J’ai déjà rendu compte sur ce blog de l’inquiétant-hilarant dernier film de Polanski, à la faveur d’une avant-première parisienne en juin. J’y reviens pour souligner à quel point ce huis-clos dramatique, et néanmoins comique, analyse finement les situations de soumission, ou de séduction, avec des prolongements introspectifs assez vertigineux du côté d’un Polanski qui ne put que méditer, au fil de sa vie mouvementée… faut-il dire le sado-masochisme ? Mais ce mot fait écran, par des associations d’idées trop communes, à la complexité de la jouissance masculine quand elle prétend diriger, et aux surprenantes ressources de la position féminine qui lui fait face, et lui répond en retour.
Quels abîmes dissimule ou recouvre l’exercice narcissique du pouvoir ? Quels retournements ponctuent le duel où s’engage cet improbable couple, passant avec brio de l’ironie à la terreur ? Contentons-nous de rappeler qu’on verra dans ce film le metteur en scène Roman Amalric (ou Matthieu Polanski), d’abord assez sûr de son projet, désespérer de dénicher celle qui interprètera Wanda, la subjugante « Vénus à la fourrure » de sa pièce ; il n’a toute la journée auditionné que des pétasses. Puis, quand une autre Wanda se présente et le force à lui confier un bout de texte, il prétend d’abord dominer cette fille avant que celle-ci ne le prenne subtilement à son propre jeu : « Tu cherches ton maître ou ta maîtresse, eh bien mon vieux tu l’auras… », lui déclare en substance l’intruse à métamorphoses qui clôt le défilé des postulantes – mais qui répond surtout avec une perspicace autorité aux attentes d’abord informulées du macho.
Wanda éducatrice : sous l’affabulation du scénario sado-masochiste auxquels se prennent ou se prêtent les deux protagonistes, ne s’agit-il pas de délivrer chez le directeur qui se la joue (jusqu’à l’épuisement) une part féminine qu’il combat de toutes ses forces, avant d’y céder goulûment ? Cette intrigue apparemment drôle, voire grotesque, en cache ainsi une autre d’une singulière acuité : comment, au-delà de la jouissance fascinée qui le domine ici dans la peur et le tremblement, l’homme recouvrera-t-il ses facultés en accordant davantage à sa propre féminité ?

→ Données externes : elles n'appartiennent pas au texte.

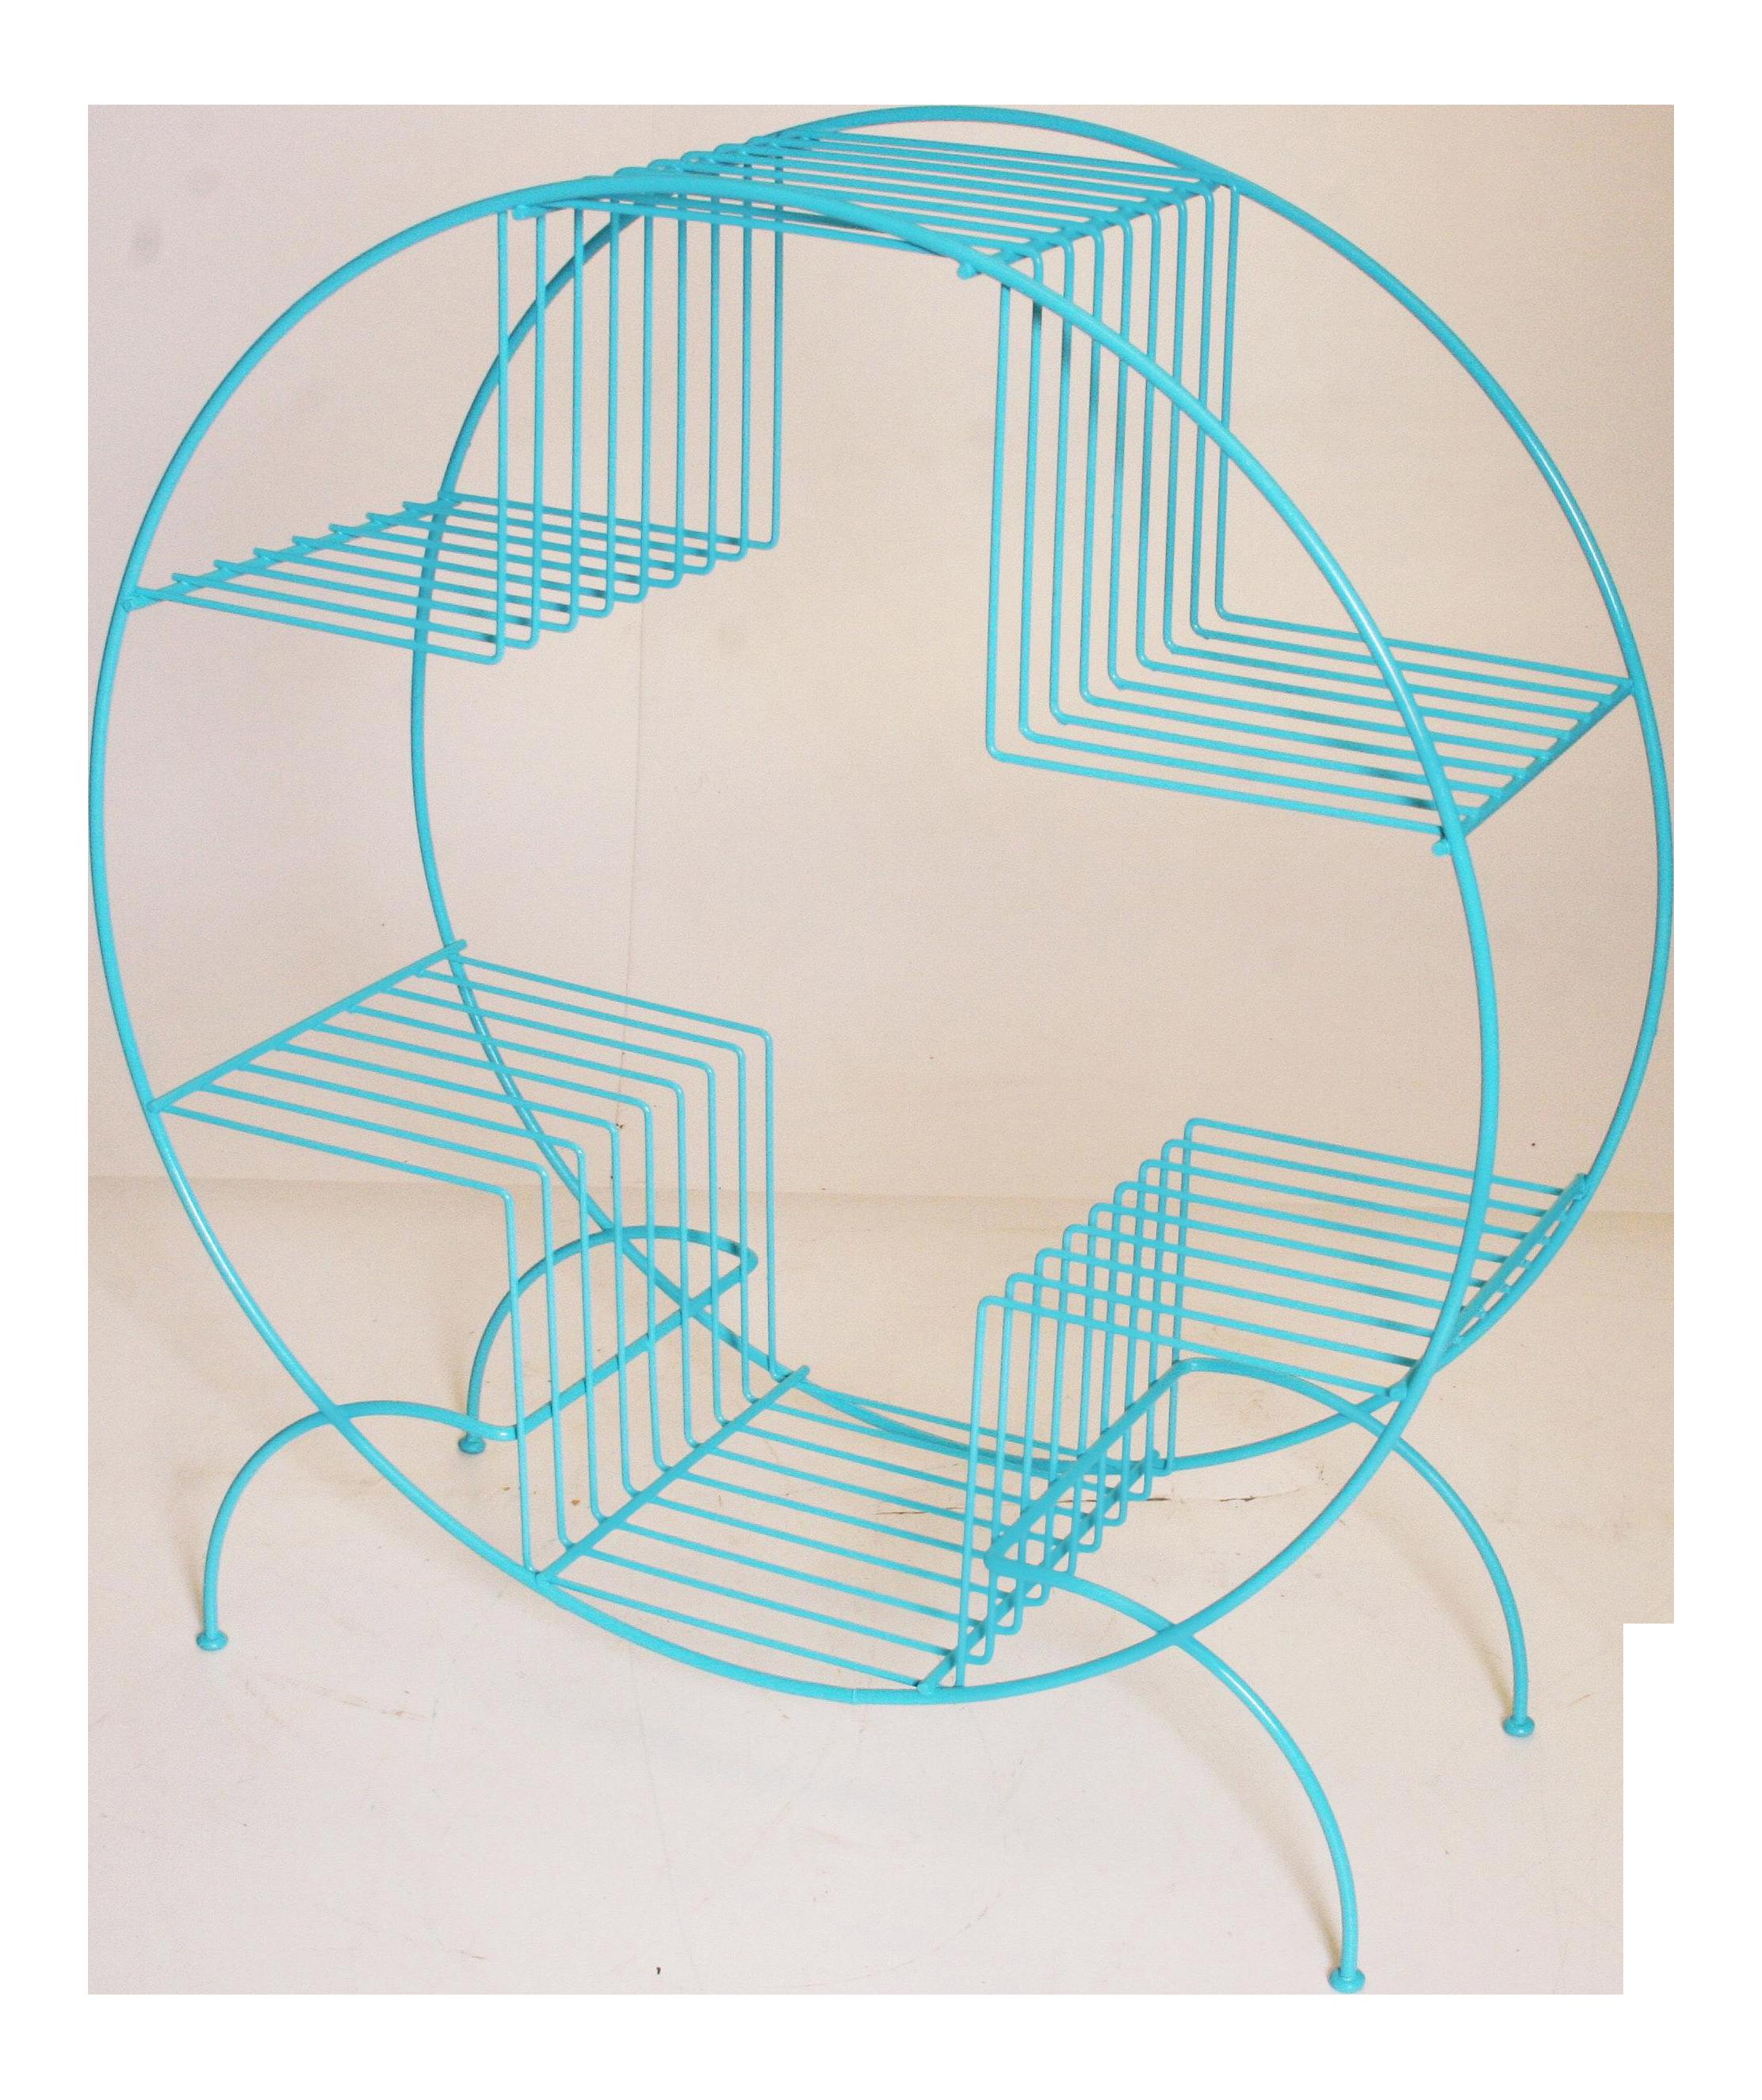 Mid Century Modern Teal Round Wire Plant Stand | Pinterest | Mid ...
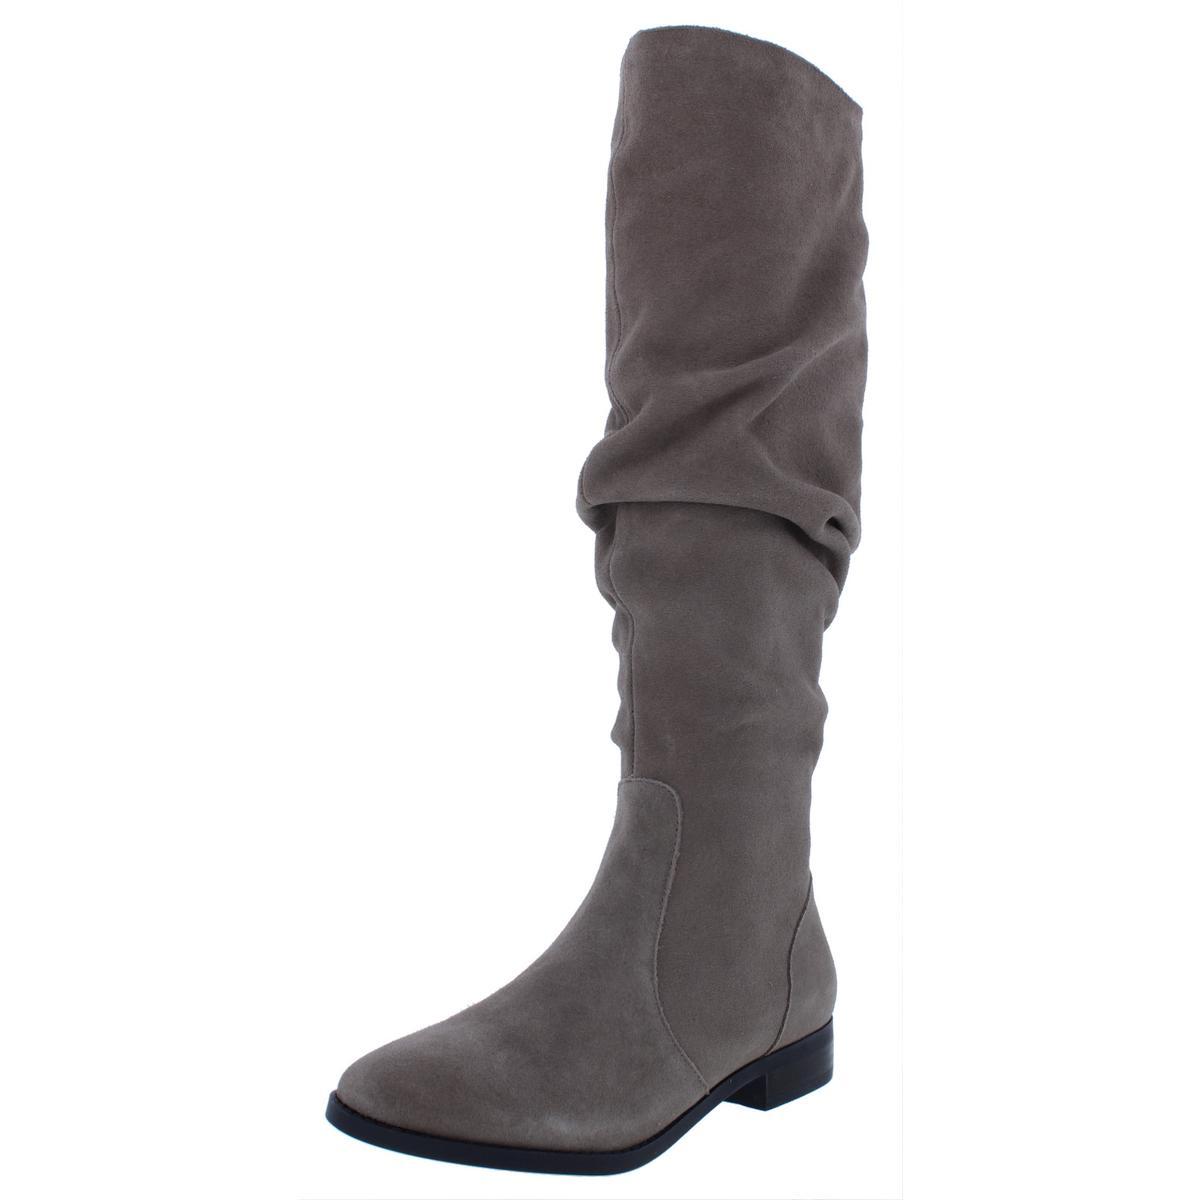 Steve Madden Womens Beacon Taupe Over-The-Knee Boots 5 Medium (B,M) BHFO 5002

Le théâtre n’est pas vraiment un lieu sûr. Et le cinéma ? On a dit que ce chef d’œuvre de fourberie démystifiante n’avait reçu à Cannes qu’un accueil mitigé, comme à l’avant-première du Pathé-Gaumont Opéra il me semble ; et sur ce blog même, un correspondant m’a reproché de trop aimer ce film dont il ne voyait guère l’intérêt. Il est évident que Polanski n’y flatte pas la jactance masculine ; il plaira néanmoins, ou comblera, quelques spectatrices qui le remercieront d’avoir, lui et son épouse Emmanuelle Seigner qui trouve enfin ici un rôle à sa taille, si bien servi la revanche des femmes.